▶ [Exercise description] Without the pictures, give the listing below again exactly.

▶ [Data extract]

Content starts

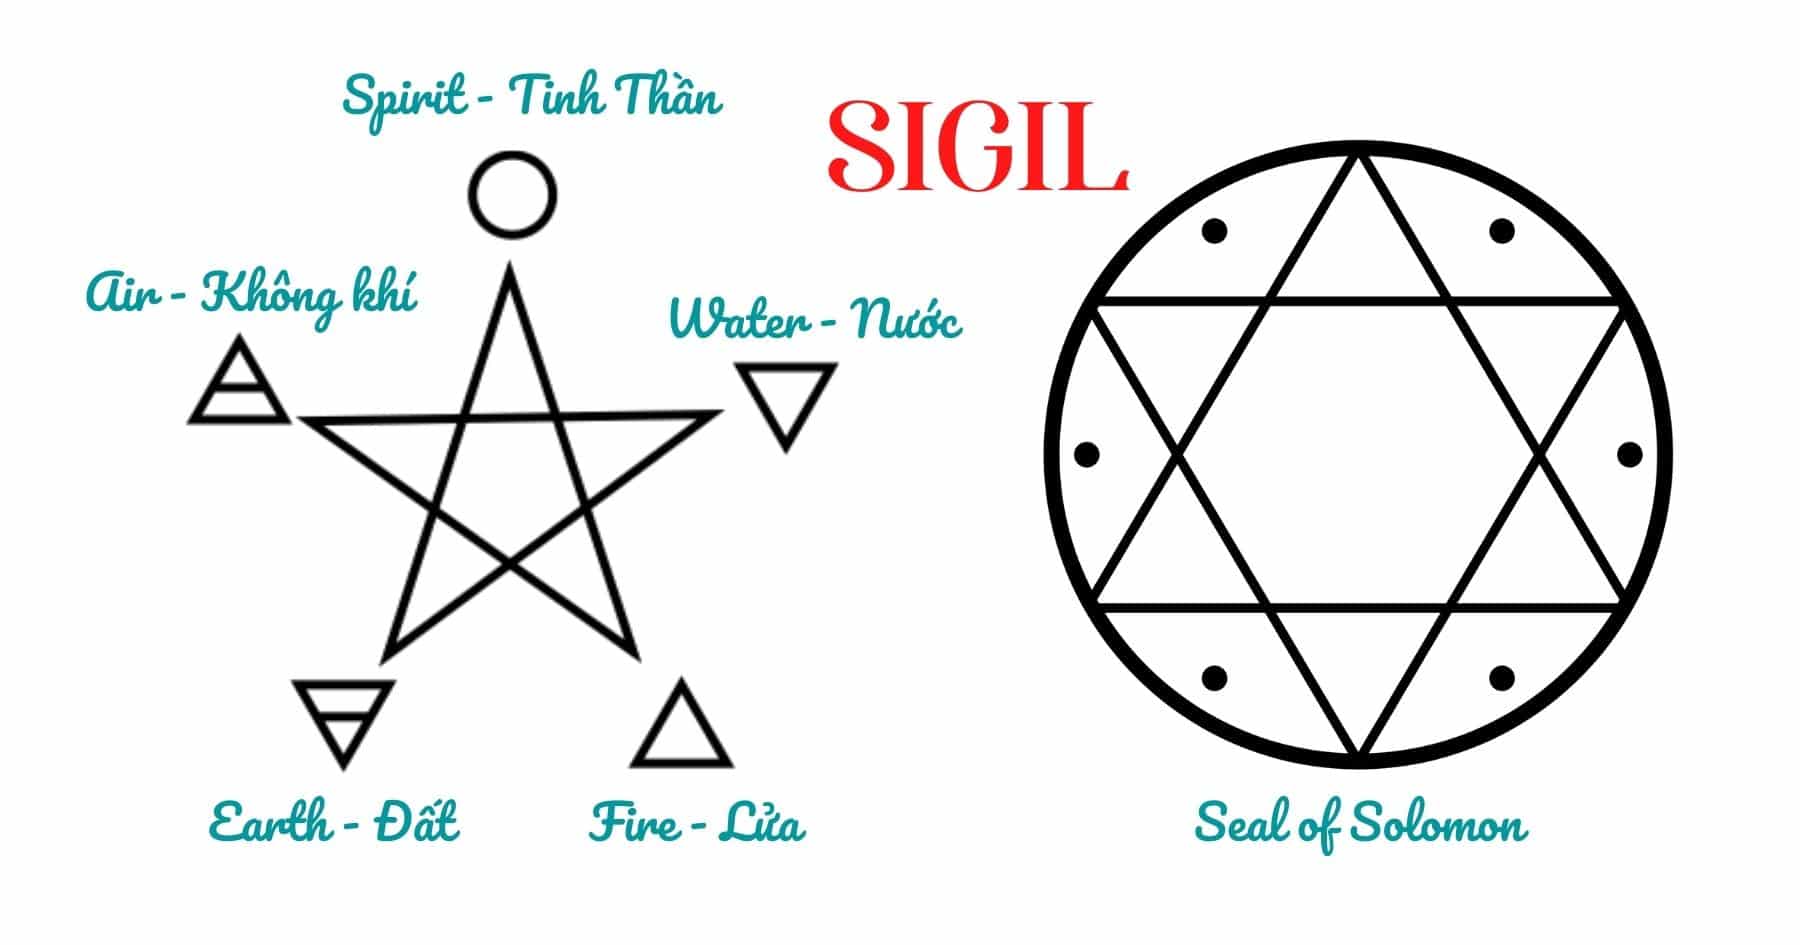 Ý nghĩa của dấu Sigil trong pháp thuật Witch - 2023
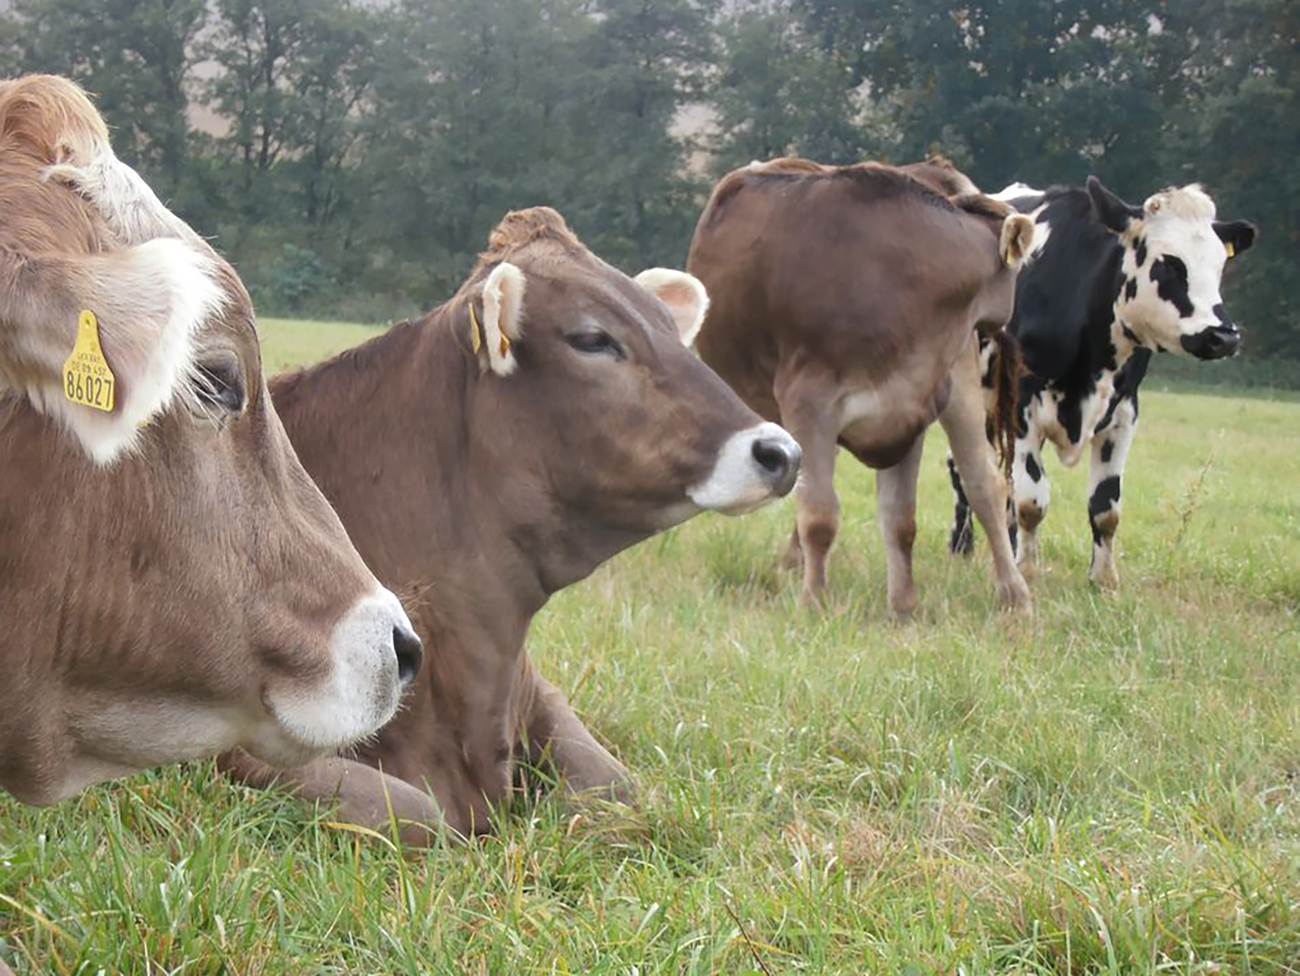 Farma Struhy: Příběh o lásce k mléku a zodpovědnému hospodaření
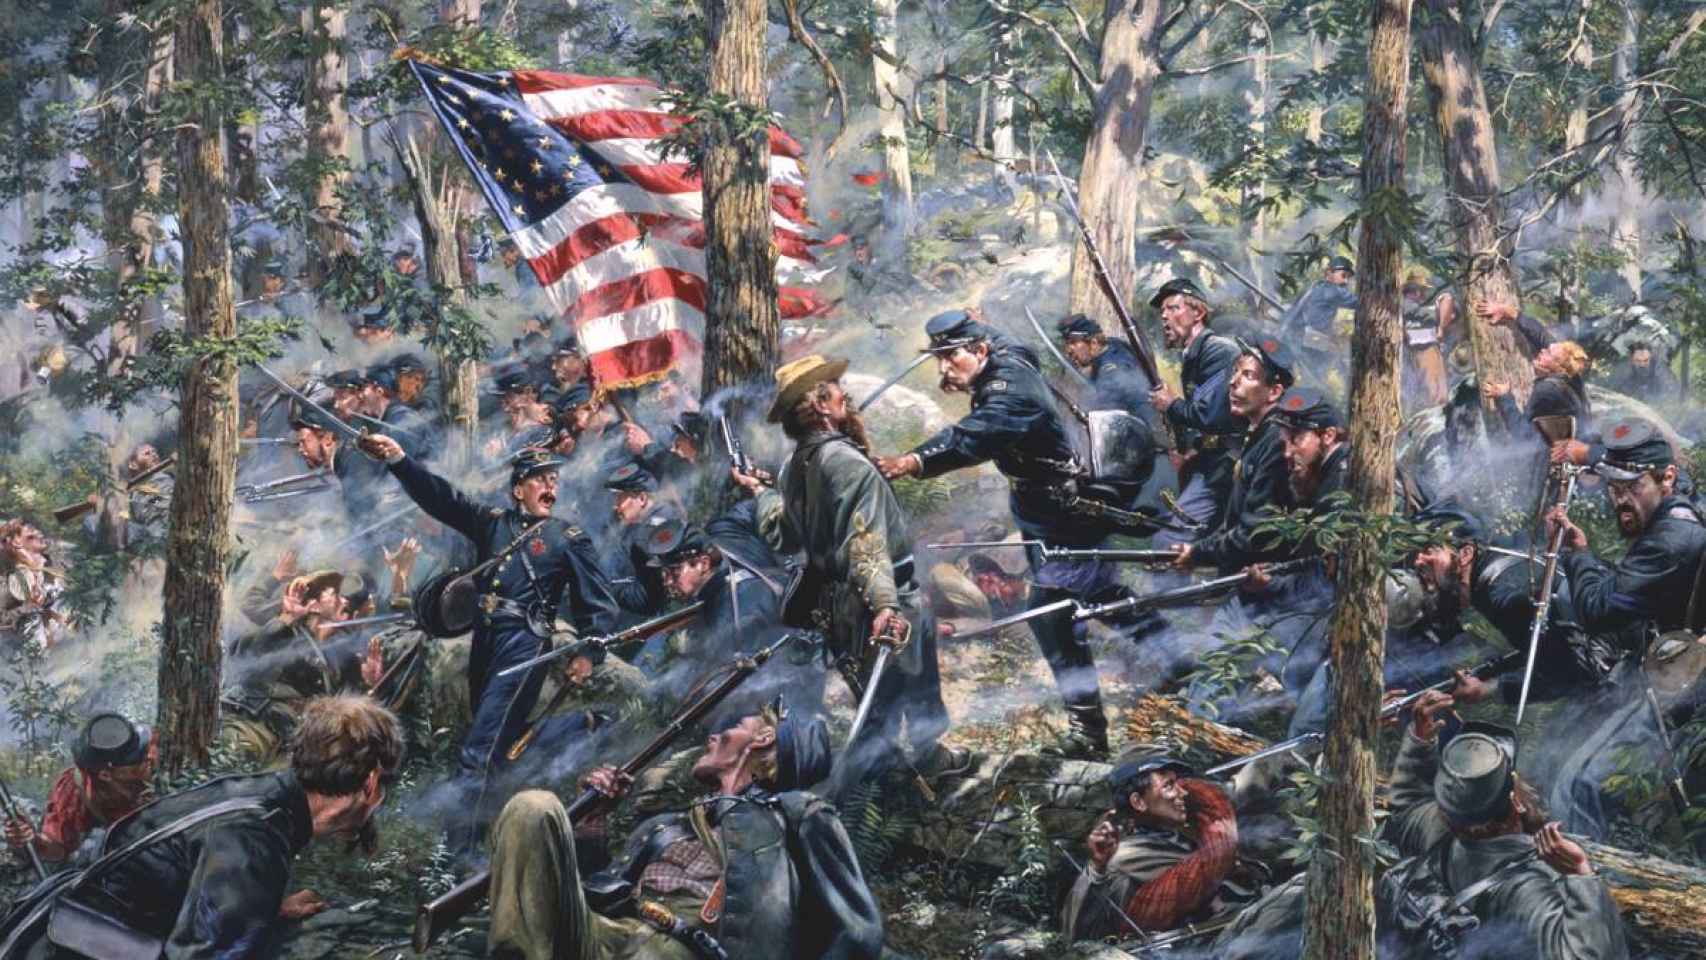 Una escena de la batalla de Gettysburg, pintada por el artista Don Troiani.

Content ends

▶ [Answer below]
 Ý nghĩa của dấu Sigil trong pháp thuật Witch - 2023
 Farma Struhy: Příběh o lásce k mléku a zodpovědnému hospodaření
 Una escena de la batalla de Gettysburg, pintada por el artista Don Troiani.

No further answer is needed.